Suppose a sorted array is rotated at some pivot unknown to you beforehand.
(i.e., 0 1 2 4 5 6 7 might become 4 5 6 7 0 1 2).
Find the minimum element.
Example
Given [4, 5, 6, 7, 0, 1, 2] return 0
解决这个问题首先必须知道二分法。
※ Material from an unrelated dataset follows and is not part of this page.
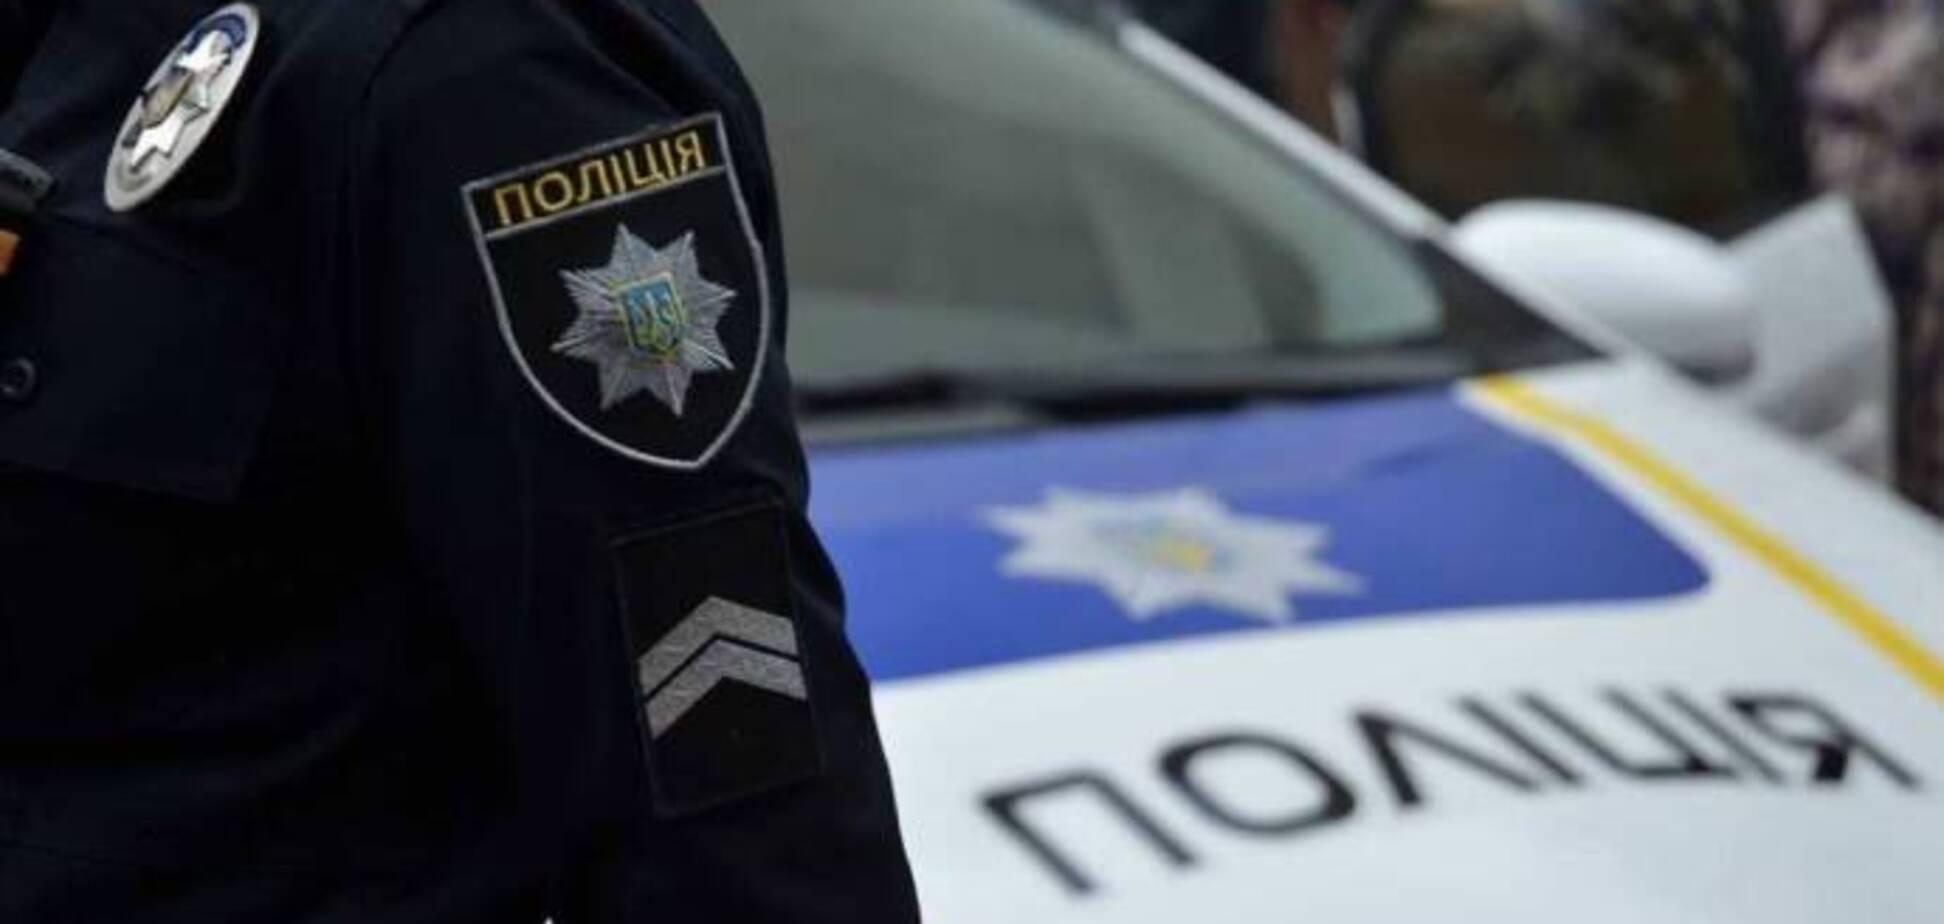 У Києві чоловік зарізав дружину, а потім наклав на себе руки. Ілюстрація

二分法是针对有序数组,从中间找到某一个值。
public int binarySearch(int[] nums, int target) {
if (nums == null || nums.length == 0) {
return -1;
}
int start = 0, end = nums.length - 1;
while (start <= end) { //target区间是[start,end] 这是循环不变量
//int mid = (start+end)/ 2;
int mid=start+(end-start)/2;//解决整形溢出问题
if (nums[mid] == target) {
return mid;
} else if (nums[mid] < target) {
//or start = mid;
start = mid + 1;//target区间在[mid+1,end]
} else {
// or end = mid;//target区间在[start,mid-1]
end = mid - 1;
}
}
return -1;
}
public int binarySearch(int[] arr, int target,int low ,int high) {
if (low<=high) {
int mid=(low+high)/2;
if (arr[mid]==target) {
return mid;
}
if (arr[mid]>target) {
return binarySearch(arr, target, low, mid-1);
}
if (arr[mid]<target) {
return binarySearch(arr, target,mid+1, high);
}
}
return -1;
}
经典代码需要牢记于心。
旋转数组也是用于这种方法
public int findMin(int[] nums) {
int left=0;
int right=nums.length-1;
if (nums[right]>nums[left]) {
return nums[left];
}
while(left+1<right){
int middle=(left+right)/2;
if (nums[middle]>=nums[left]) {
left=middle;
}
if (nums[middle]<=nums[right]) {
right=middle;
}
}
return nums[right];
}